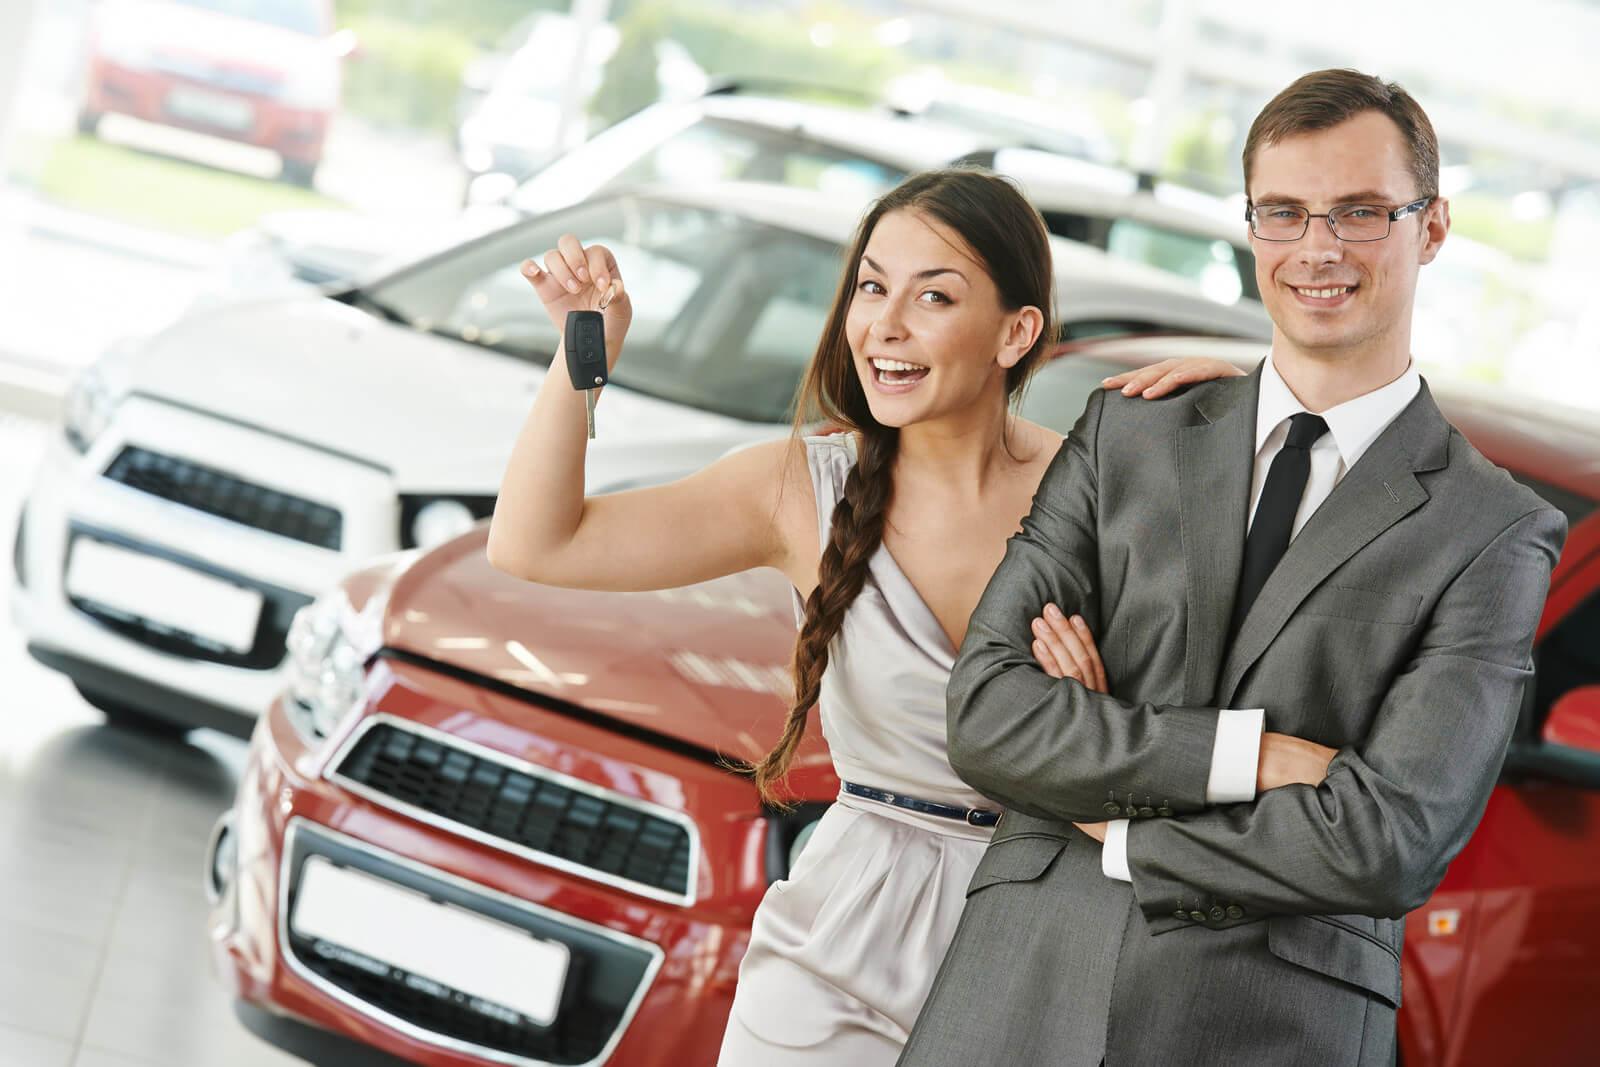 Как сделать документы на машину: юридические аспекты, перспективы
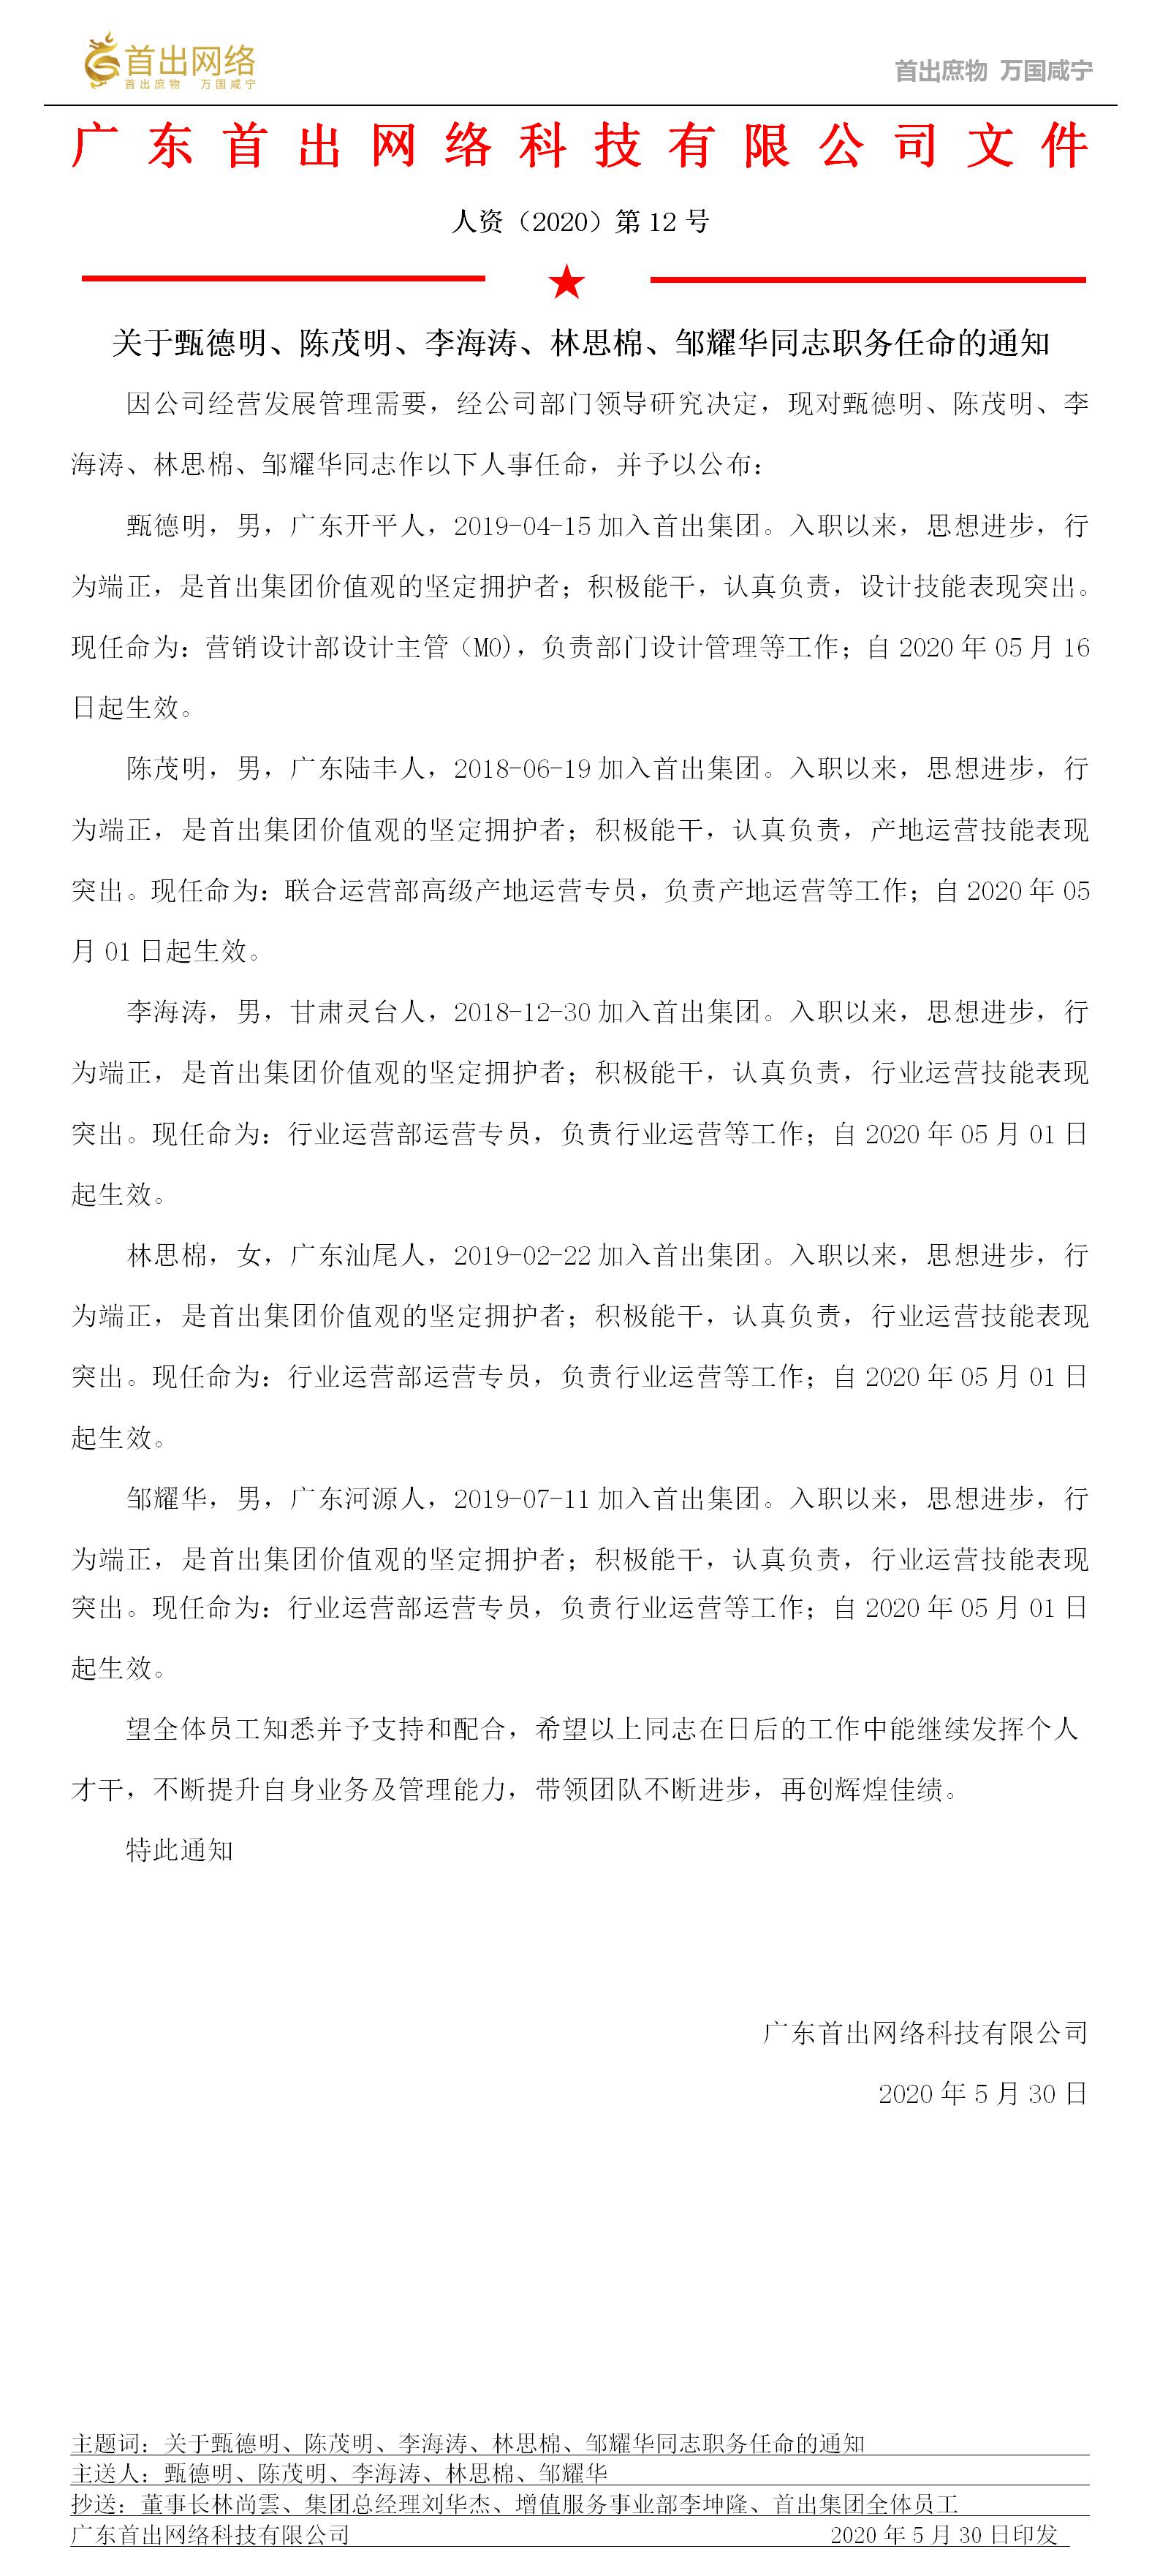 【晋升喜报】关于甄德明、陈茂明、李海涛、林思棉、邹耀华同志职务任命的通知
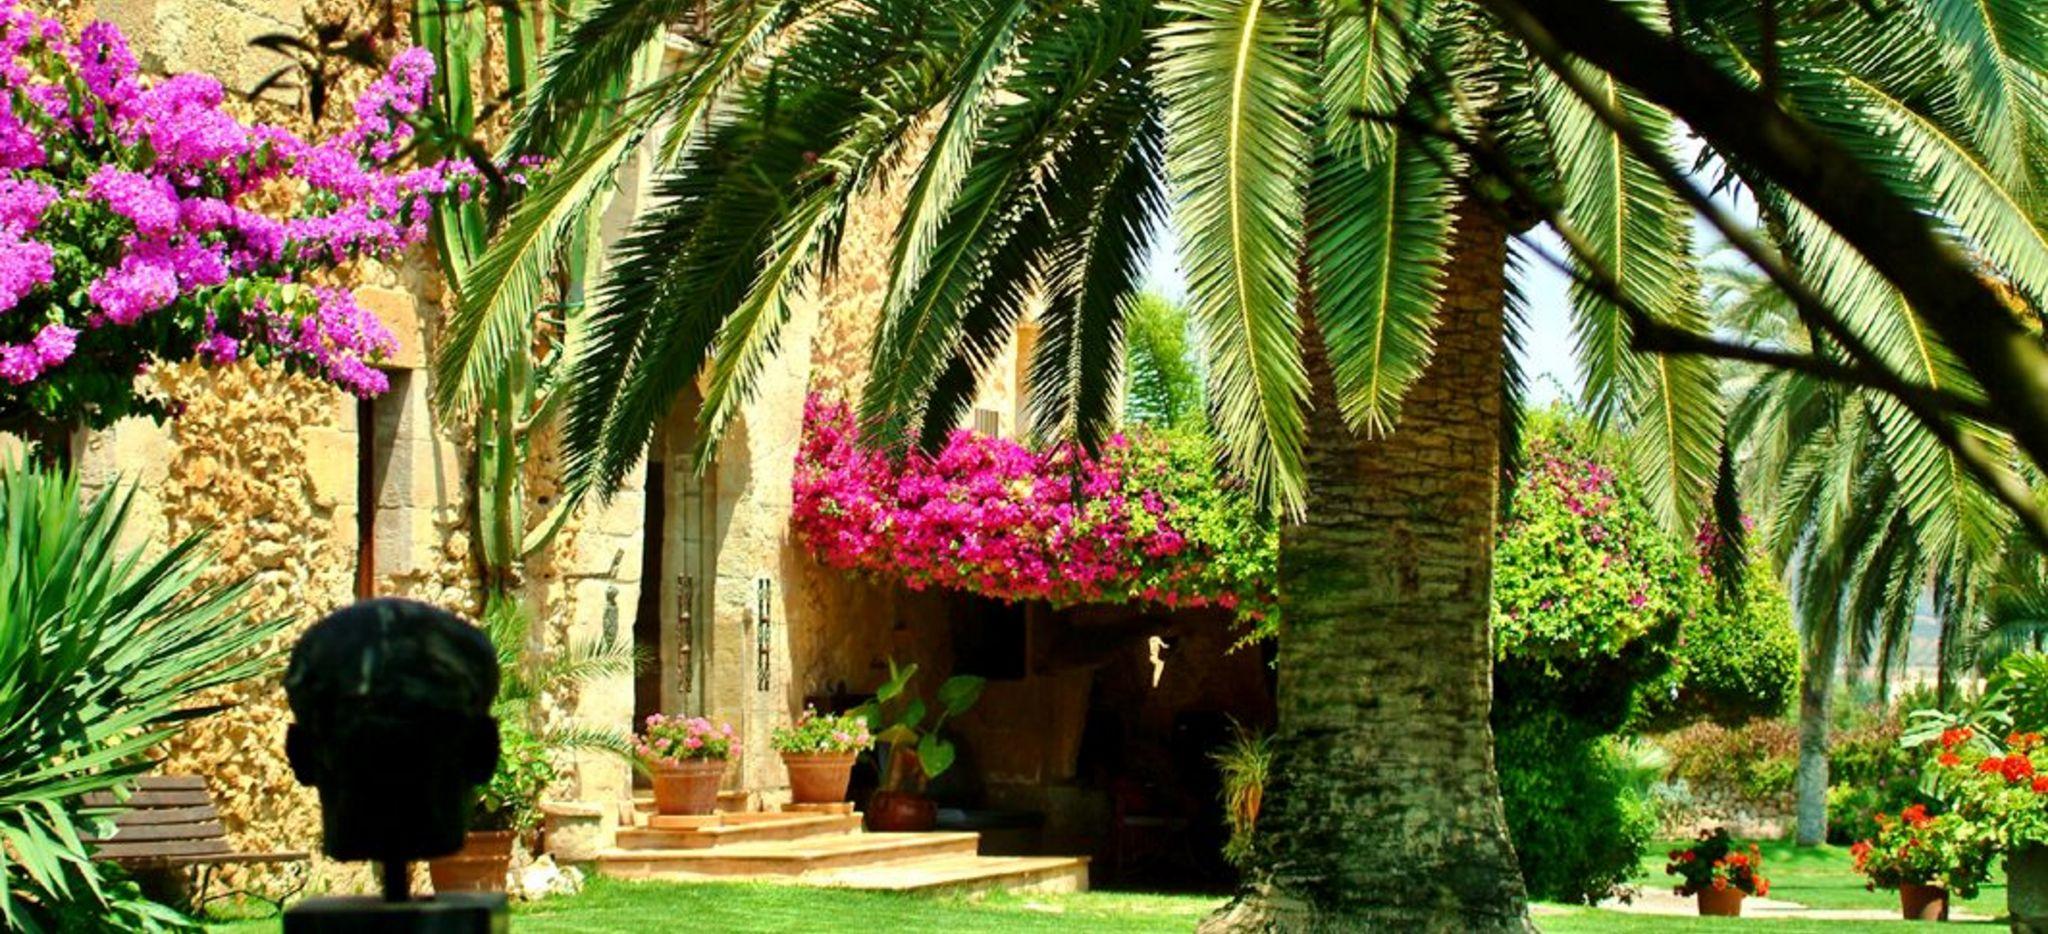 Ein Garten mit Palmen, Bouganivillea und einem traditionellen mallorquinischen Haus
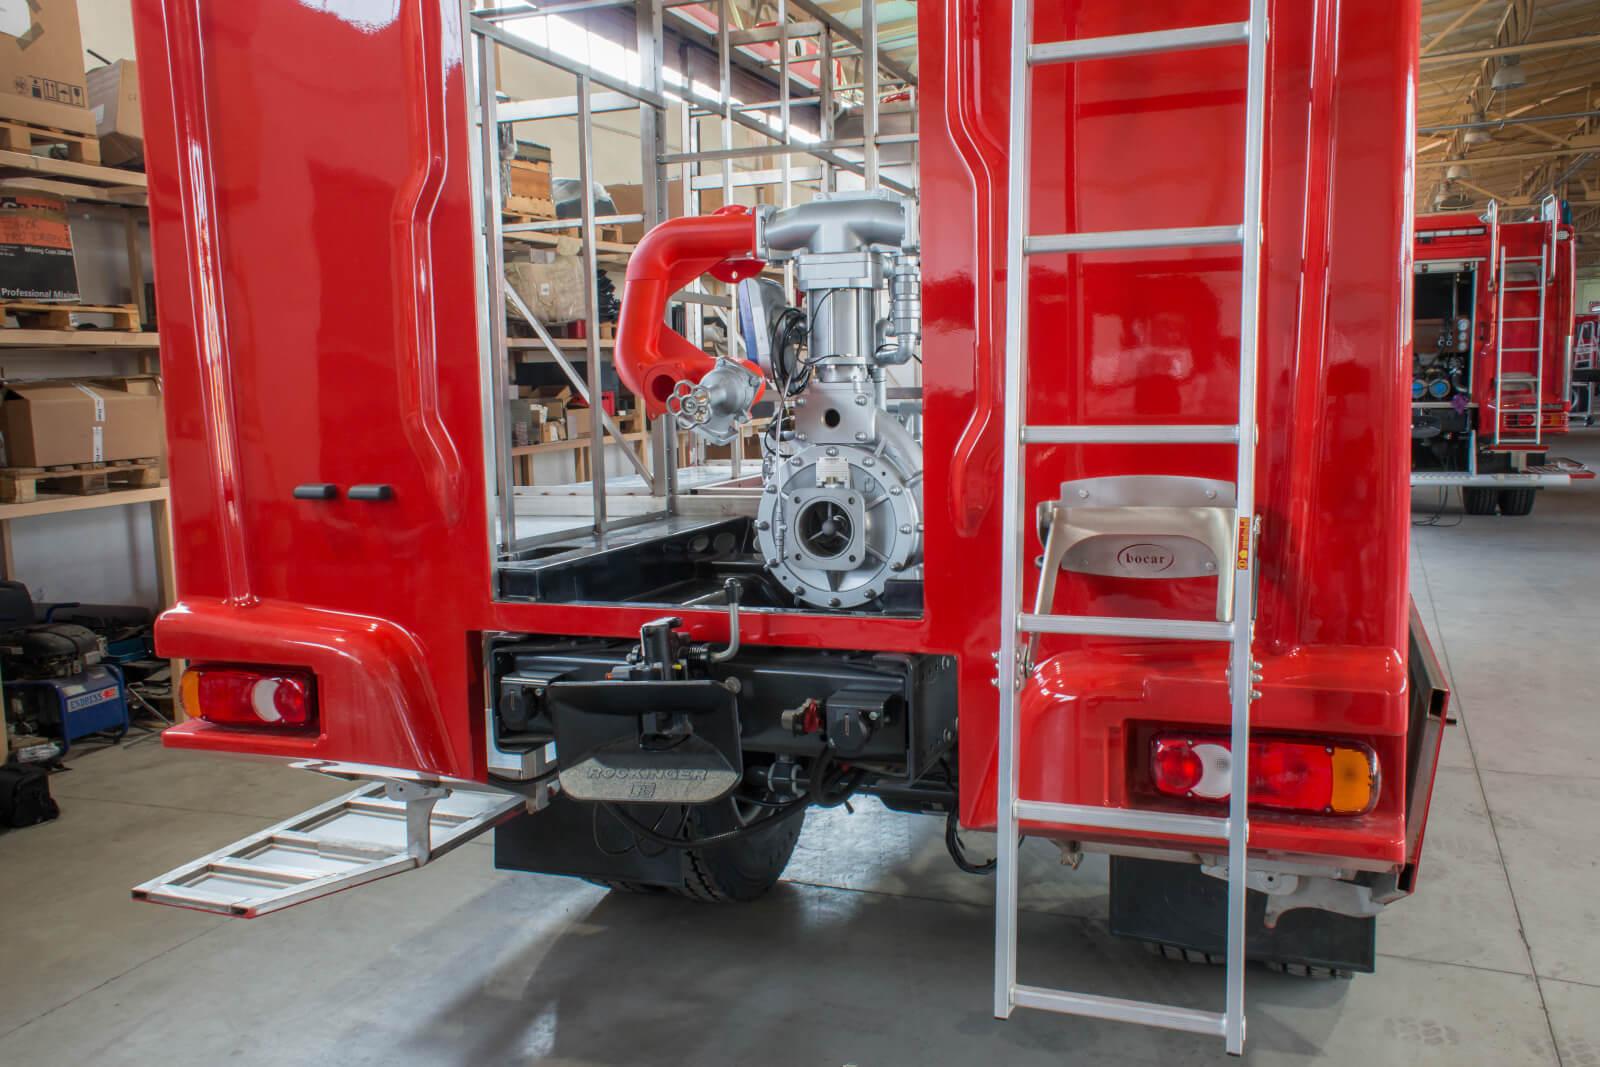 Prototypowy kolektor wsilniku - wydrukowany przez 3DGence

Exercise objective: Images in the data above are to be skipped. Retype all other material exactly.

Solution to the problem:
 Как сделать документы на машину: юридические аспекты, перспективы
 【晋升喜报】关于甄德明、陈茂明、李海涛、林思棉、邹耀华同志职务任命的通知
 Ein Garten mit Palmen, Bouganivillea und einem traditionellen mallorquinischen Haus
 Prototypowy kolektor wsilniku - wydrukowany przez 3DGence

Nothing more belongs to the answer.